Curation statements for this article:
  • Curated by GigaByte

    GigaByte logo

    Editors Assessment:

    This work is part of a series of papers from the Hong Kong Biodiversity Genomics Consortium sequencing the rich biodiversity of species in Hong Kong. This example assembles the genome of the long-spined sea urchin Diadema setosum (Leske, 1778). Using PacBio HiFi long-reads and Omni-C data the assembled genome size was 886 Mb, consistent to the size of other sea urchin genomes. The assembly anchored to 22 pseudo-molecules/chromosomes, and a total of 27,478 genes including 23,030 protein-coding genes were annotated. Peer review added more to the conclusion and future perspectives. The data hopefully providing a valuable resource and foundation for a better understanding of the ecology and evolution of sea urchins.

    This evaluation refers to version 1 of the preprint

This article has been Reviewed by the following groups

Read the full article See related articles

Abstract

The long-spined sea urchin Diadema setosum is an algal and coral feeder widely distributed in the Indo-Pacific and can cause severe bioerosion on the reef community.
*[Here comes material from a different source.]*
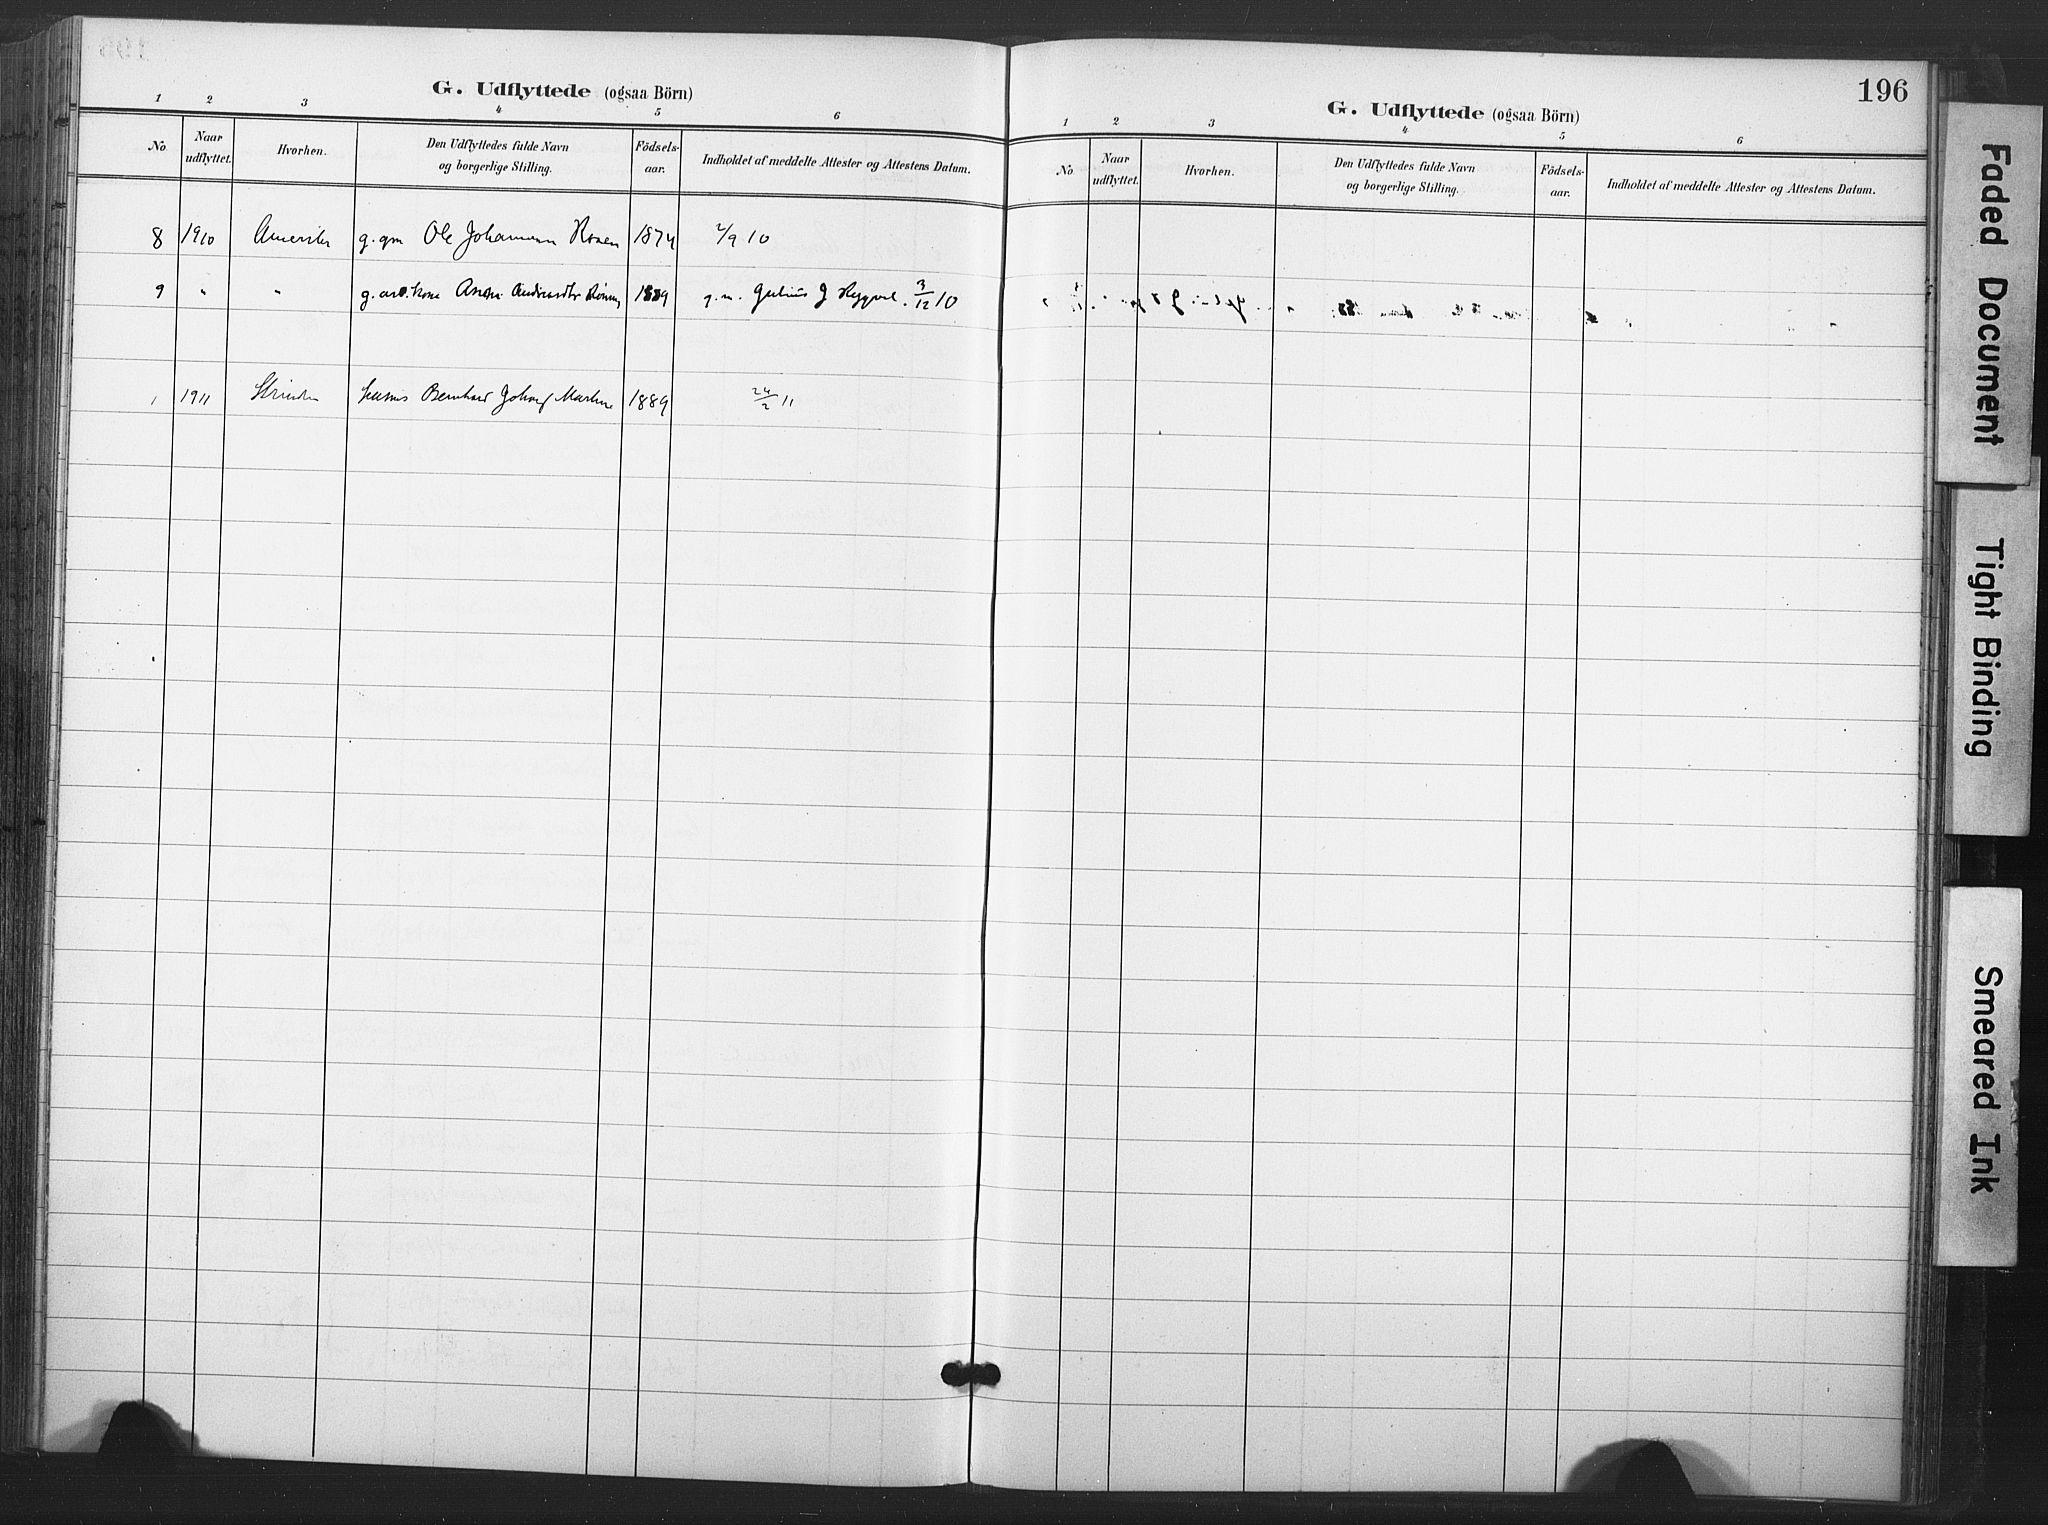 SAT, Ministerialprotokoller, klokkerbøker og fødselsregistre - Nord-Trøndelag, 713/L0122: Ministerialbok nr. 713A11, 1899-1910, s. 196
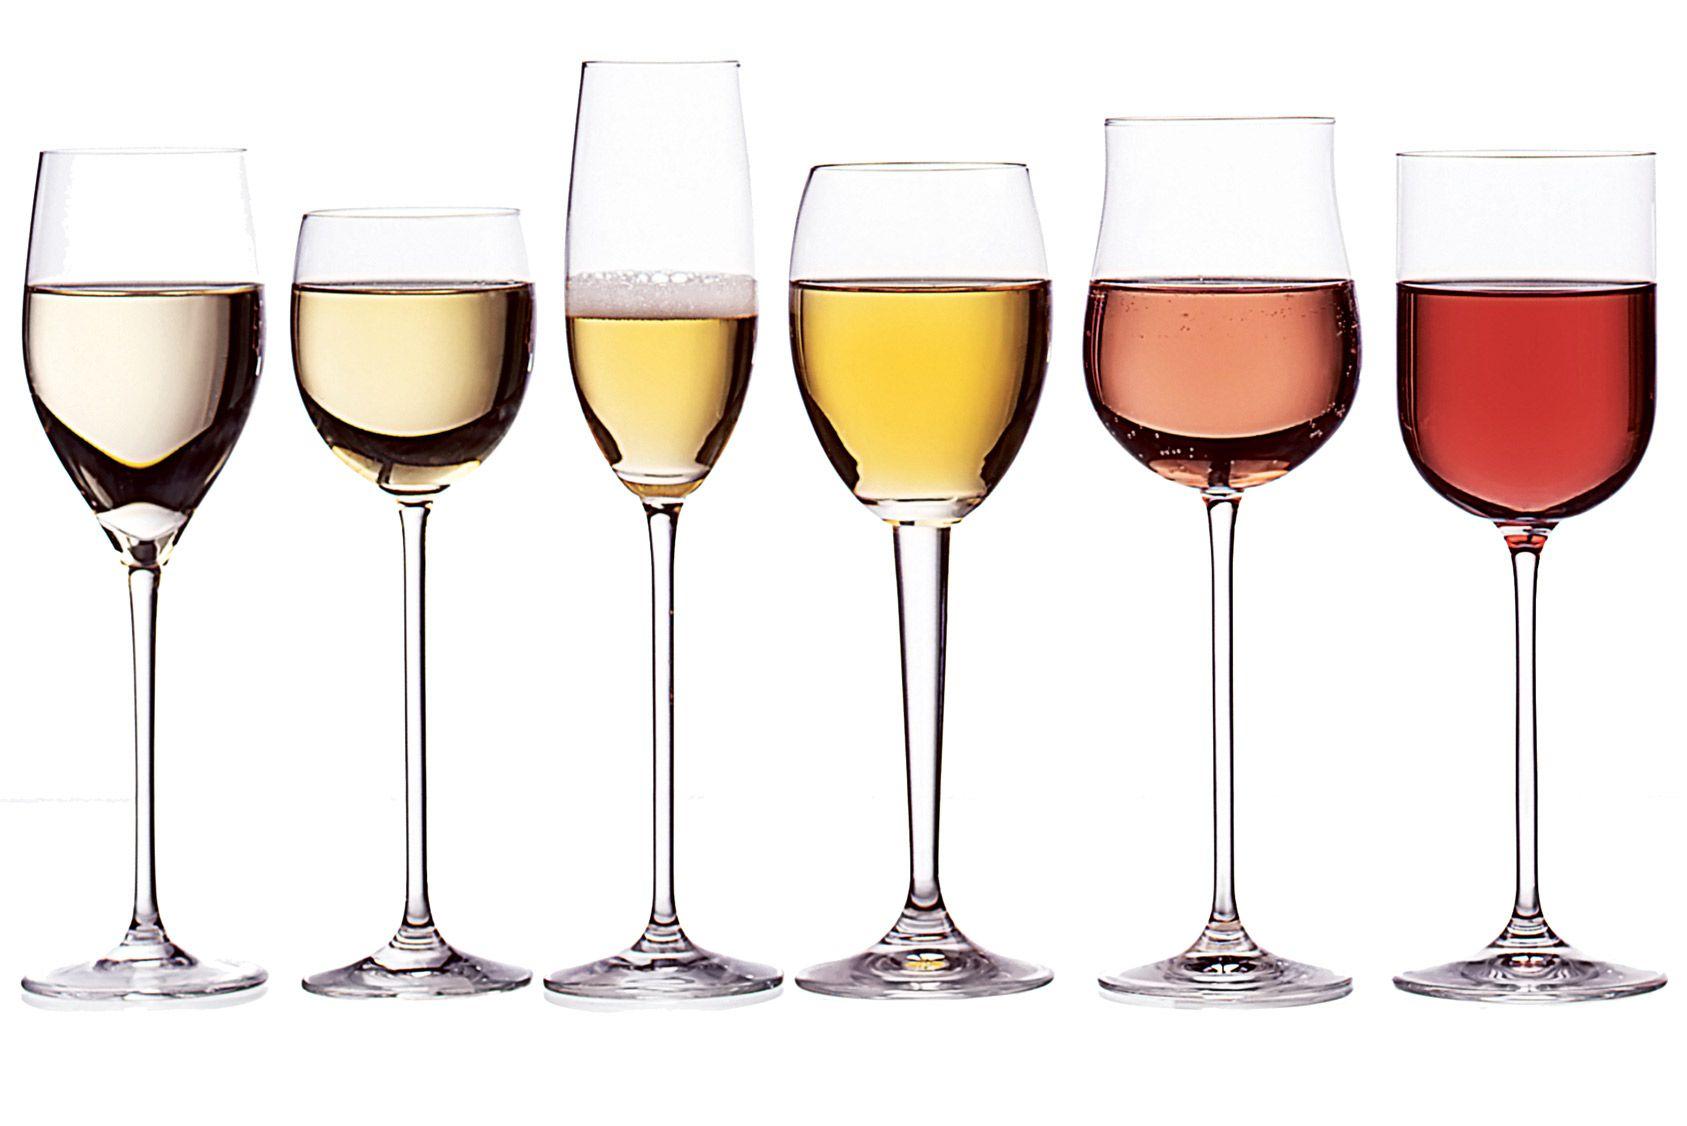 Vins et champagnes: quels millésimes pour les fêtes?

Nevertheless, the lack of genomic information has hindered the study its ecology and evolution. Here, we report the chromosomal-level genome (885.8 Mb) of the long-spined sea urchin D. setosum using a combination of PacBio long-read sequencing and Omni-C scaffolding technology. The assembled genome contained scaffold N50 length of 38.3 Mb, 98.1 % of BUSCO (Geno, metazoa_odb10) genes, and with 98.6% of the sequences anchored to 22 pseudo-molecules/chromosomes. A total of 27,478 genes including 23,030 protein-coding genes were annotated. The high-quality genome of D. setosum presented here provides a significant resource for further understanding on the ecological and evolutionary studies of this coral reef associated sea urchin.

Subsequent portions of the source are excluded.